Cara Mengenali dan Menghindari Phishing

Email phishing selalu mengandung bentuk urgensi. Misalnya, email yang mengarahkan pengguna untuk memperbarui dompet crypto mereka atau akses ke dompet akan ditolak pada tengah malam. Ini adalah contoh klasik memaksa korban menyelesaikan proses sebelum mereka menyadari bahwa mereka sedang dipancing. 

Kesalahan tata bahasa sangat umum dalam kebanyakan pesan phishing. Nada email atau DM – misalnya, terlalu bersahabat dalam percakapan yang seharusnya formal – juga bisa menjadi tanda phishing.

Inkonstansi dalam URL web adalah salah satu karakteristik utama situs phishing. Pada situs phishing yang meniru situs sah, URL sering kali dipisahkan dengan tanda hubung. Misalnya, nama domain “metamask.io” menjadi “meta‑mask.io.” Dalam beberapa kasus, huruf “i” dan “l” diganti dengan angka “1”. Contohnya “binance.com” diubah menjadi “b1nance.com.” Perubahan halus pada nama URL ini dapat tidak terlihat oleh korban.
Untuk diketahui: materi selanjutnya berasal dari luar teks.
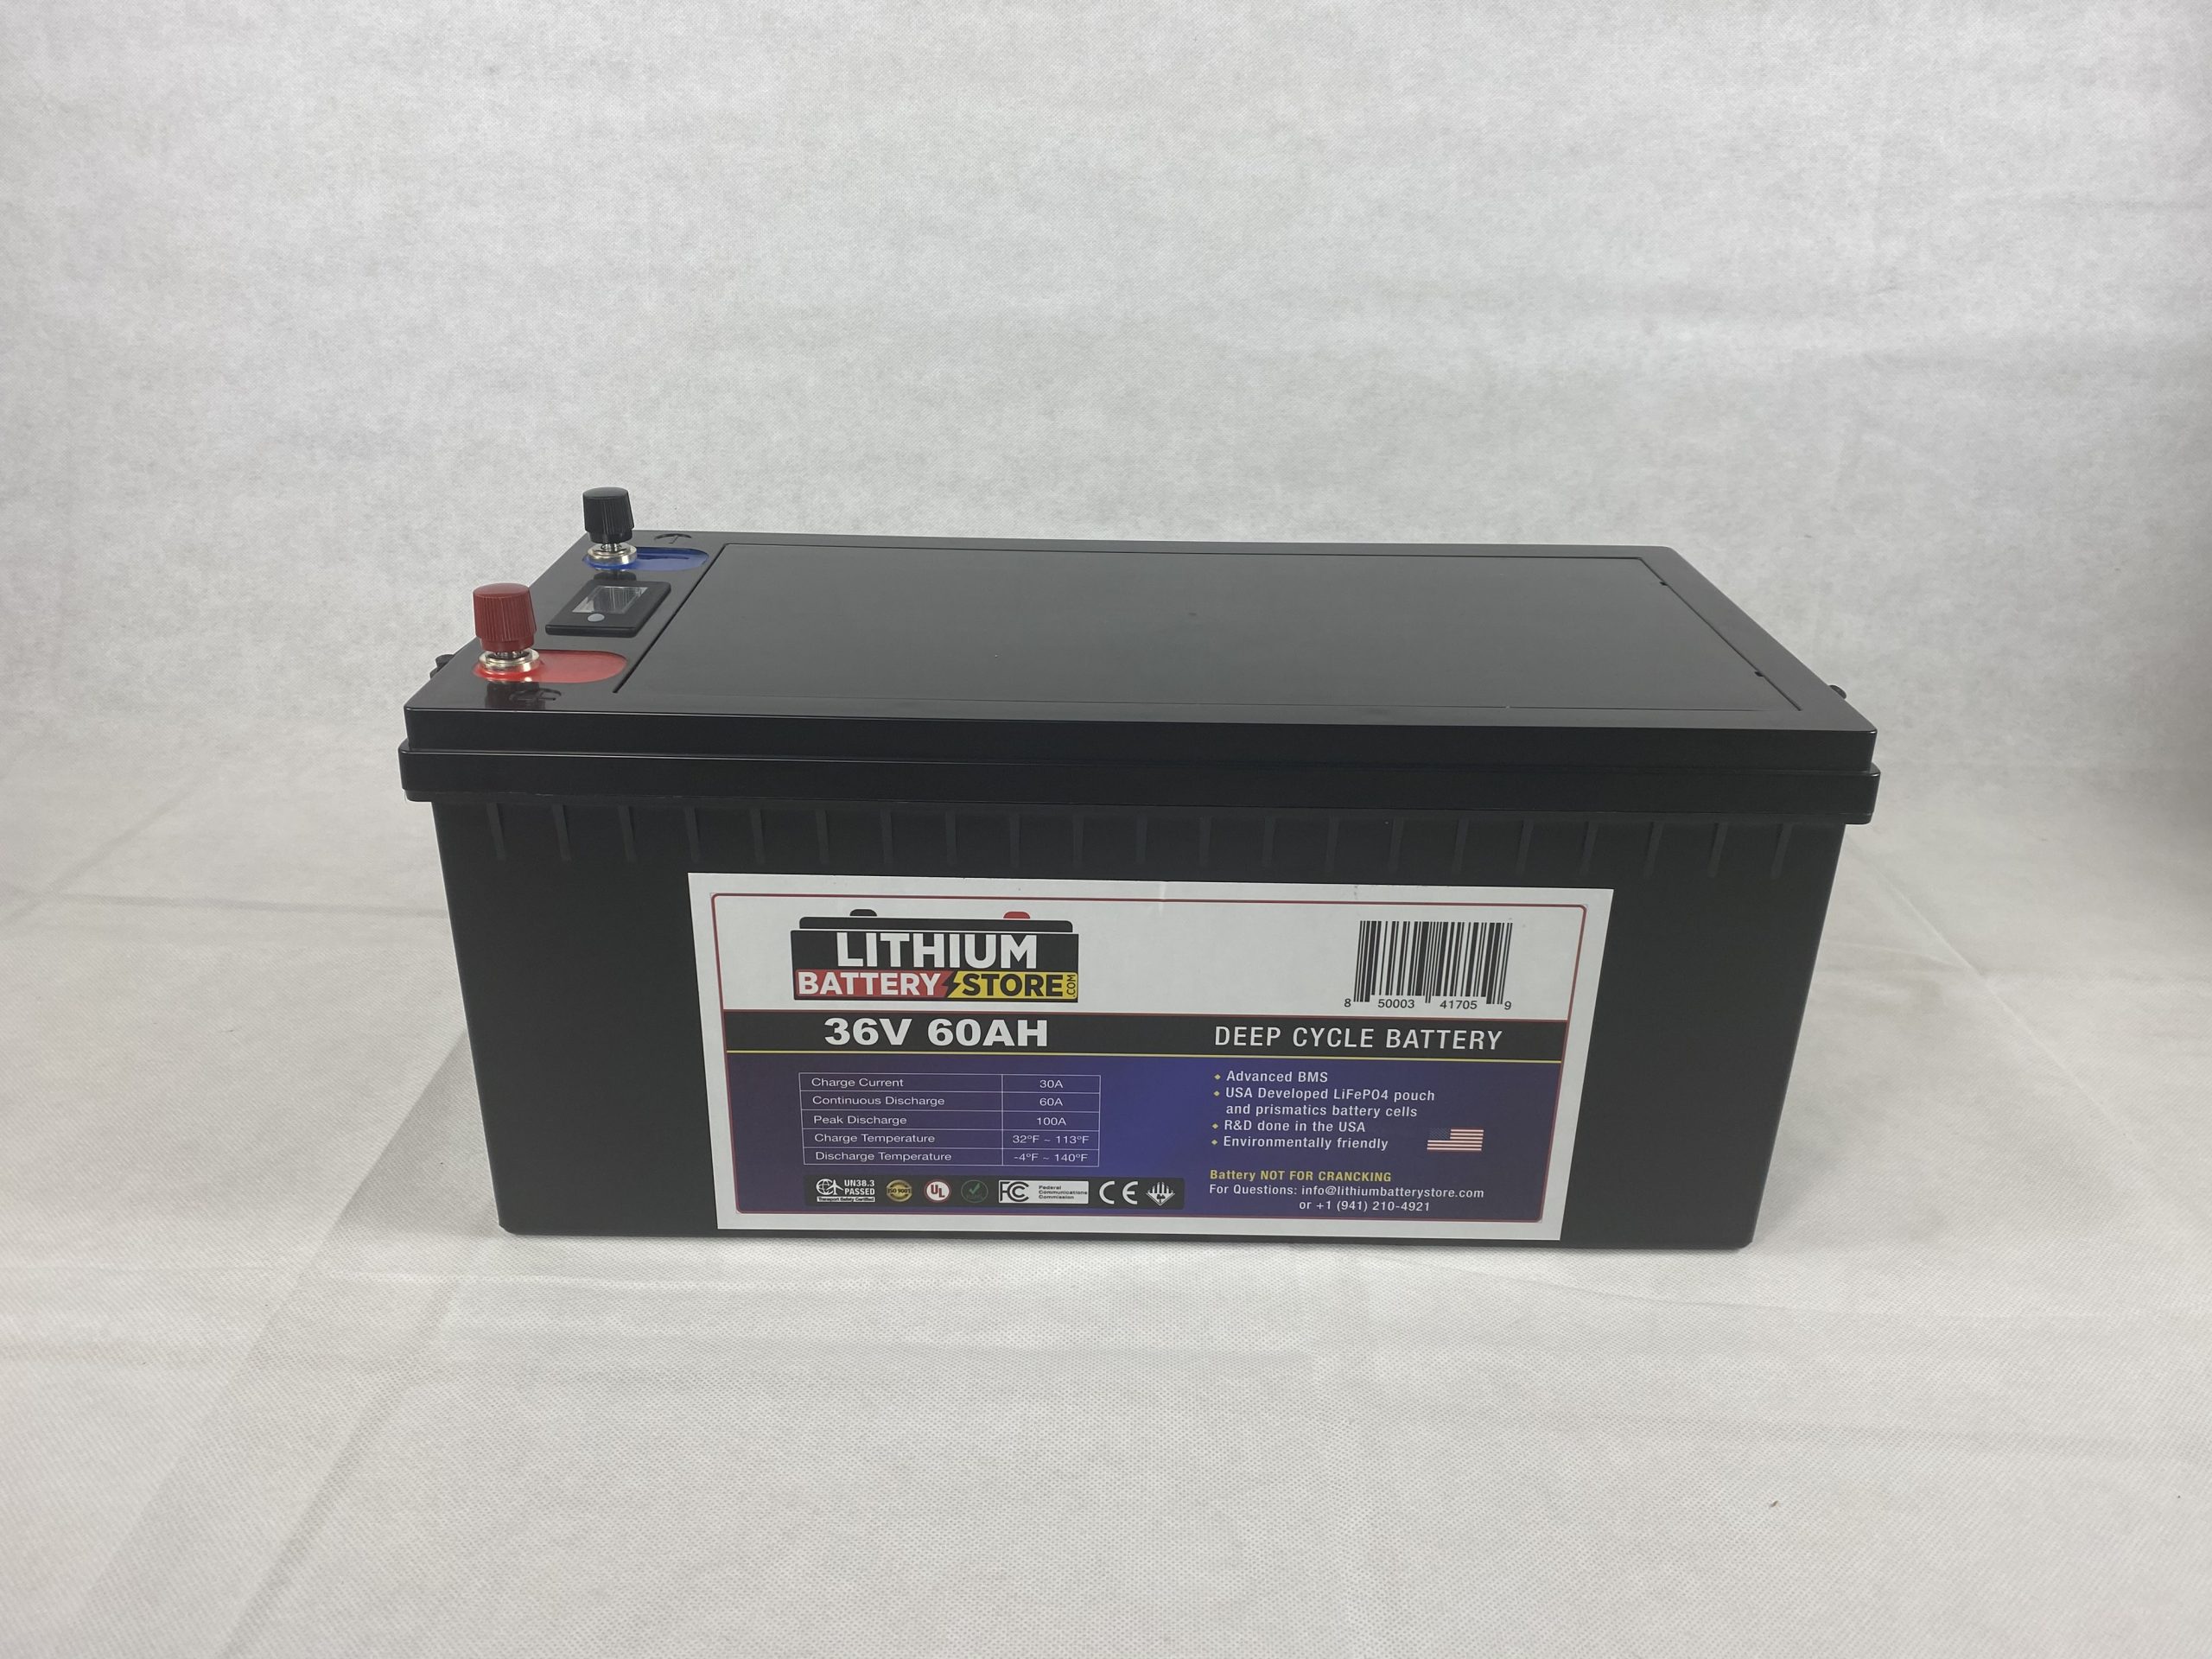 36v 60ah Lbs Deep Cycle Battery Lithium Battery Store

Ada langkah sederhana yang dapat diikuti agar tidak menjadi korban serangan phishing. Langkah tersebut meliputi: memeriksa kembali URL situs yang dikunjungi sebelum melakukan aktivitas apa pun di situs tersebut, memperhatikan petunjuk halus seperti nada komunikasi ketika Anda menerima email atau DM dari sumber yang tidak dikenal, dan tidak pernah memberikan informasi seperti kata sandi, kunci pribadi, atau frasa benih kepada siapa pun – bahkan tidak kepada personel dukungan pelanggan dari platform yang diklaim, serta menginstal alat keamanan yang diperlukan seperti Otentikasi Dua Faktor (2FA) pada semua aplikasi dan dompet yang didukung.